The MBA admissions committee would like to know whether you attempt to understand your own faults, can discuss them openly, and attempt to improve yourself, or whether you will deny them and/or blame others – evidence of immaturity and lack of preparation for management. The committee (and your future bosses, partners, and employees) will typically forgive your mistakes if you will accept responsibility for them and if you are quick to learn from them.

MBA essay type 3: Leadership

Example: Describe your most significant leadership experience and what was your role. How will the experience contribute to learning at Tuck? (Tuck-Dartmouth)

Key words: Lead, motivate, take charge, affect, guide, direct, responsibility, decision, inspire, encourage, power, influence, run, organize, mentor, motivate.

Leadership (and teamwork) is going to be a significant theme in every application you submit. MBA admissions committees pose this question so that they can assess whether you have what it takes for leadership and, more crucially, how you perceive and approach working with others. Part of possessing what it takes is to know what that is.
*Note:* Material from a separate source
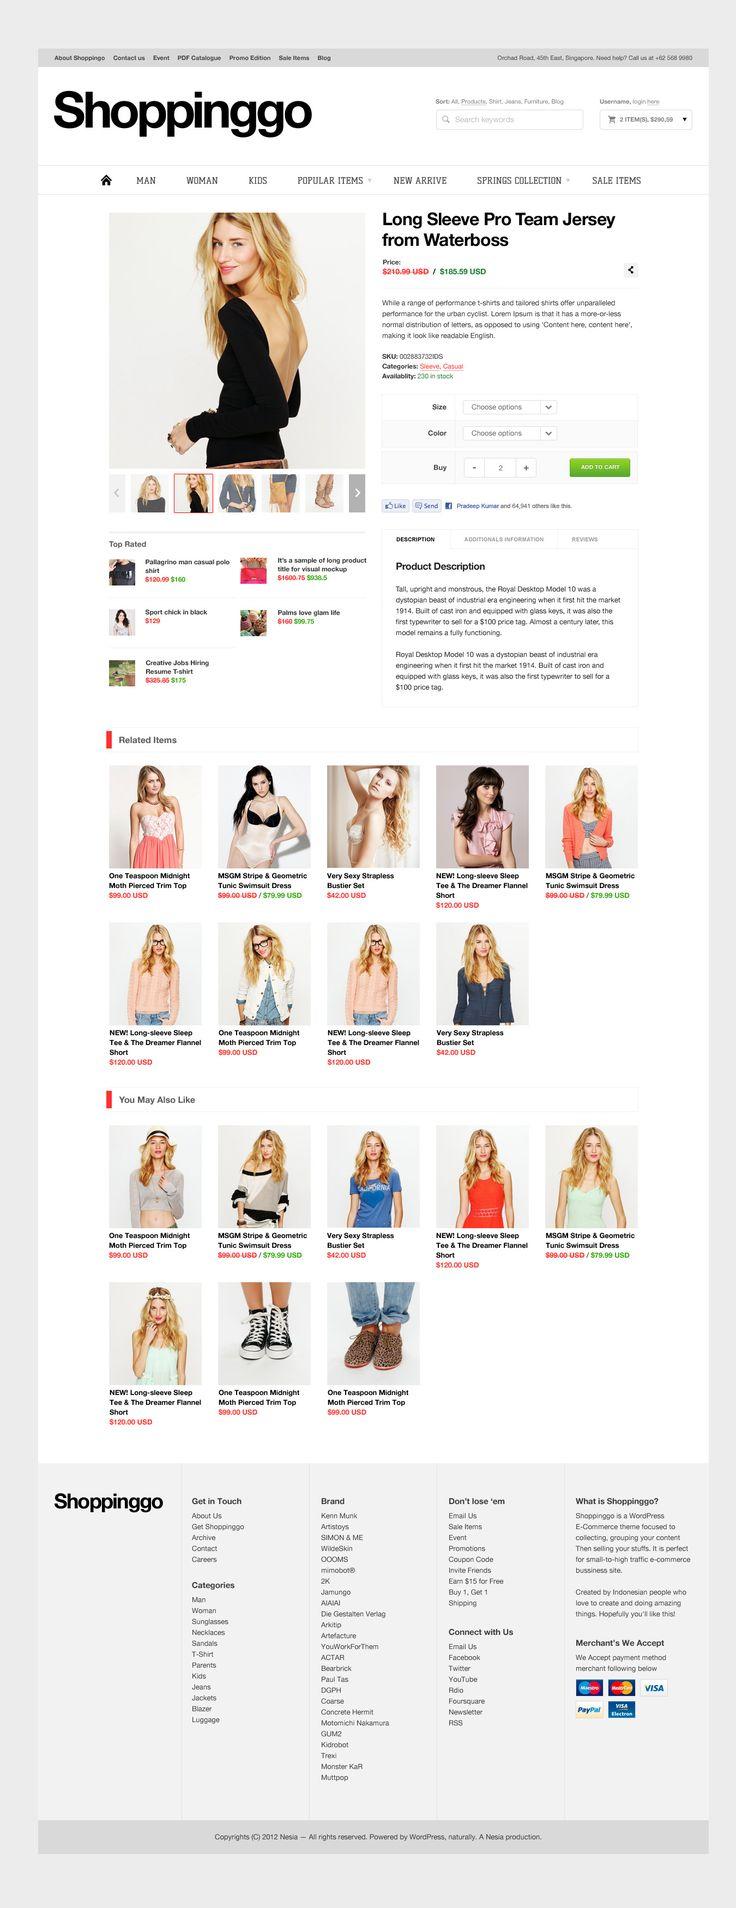 Shoppinggo - WordPress eCommerce Theme  #wordpress #theme #website #template #responsive #design #webdesign #flat #flatdesign #ecommerce #shop #clothing

Having merely held a leadership role does not necessarily mean that you did a great job at it. You must demonstrate to them that you have some sense of good leadership.

You must also demonstrate to them that you have some sense of your own personal leadership style – how you influence, motivate, discipline, and inspire others to perform, etc. - and what drives your style. In any leadership conversation, you should have a sense of respect for the challenges that come with it. If you believe that leadership is a cakewalk, you have never actually led.

MBA essay type 4: Uniqueness and diversity

Example: With your work experience and background, what unique values can you contribute to enrich the learning experience at HKUST MBA? (HKUST)

Key words: Contribute, diversity, experience, knowledge, range, skill, improve, talent, expertise, affect, ability, background, unique qualities, variety, enhance, develop, special.

Here, the admissions committee is looking for what in your background, ability, experience or training distinguishes you and will be of special value to your class and the program as a whole. While other essays are intended to determine if you are the appropriate fit for the MBA mold, the test here is if you can stand out from the pack.

Put another way; in other essays and sections of the application, applicants give reasons for an MBA admissions committee not to say no – playing it safe, fitting into boxes that need to be filled. But by doing so, they are not giving the committee a good, positive reason to say yes. In this kind of MBA essay, they are seeking a reason to say 'yes'.

MBA essay type 5: Ethics and values

Example: Describe the situation involving the highest ethical complexity that you have encountered in your professional or academic career, and how your contribution contributed to its resolution. (IE)

Recognition keywords: Ethics, values, principles, standards, ideals, code of conduct, beliefs, philosophy, personal guidelines, integrity, dilemma, decision, challenge.

Values are in. In the aftermath of Enron, the credit crunch, the Panama Papers and the never-ending litany of serious public trust breaches by business leaders, business ethics are in the spotlight. Business schools have been universally condemned for creating morally questionable, self-enriching managers. MBA admissions teams are under pressure to bring on board a better kind of person.

The game with the ethics-focused MBA essay is that we all know what good values are and we all profess to possess them. And yet there are still instances of scheming scoundrels. So, crafting a good essay in which you shake your head and tut-tut over business and personal depravity, bid-rigging, claims-cheating, document falsifications, payoffs, etc., and reassure the reader of your unstinting dedication to fair play, good governance, and honest dealing is, please understand, utterly useless to your admissions prospects. Cheap talk.

But, you will impress if you can show some regard for your own, personal set of values and offer hard evidence of your commitment to values in the face of temptation and self-interest.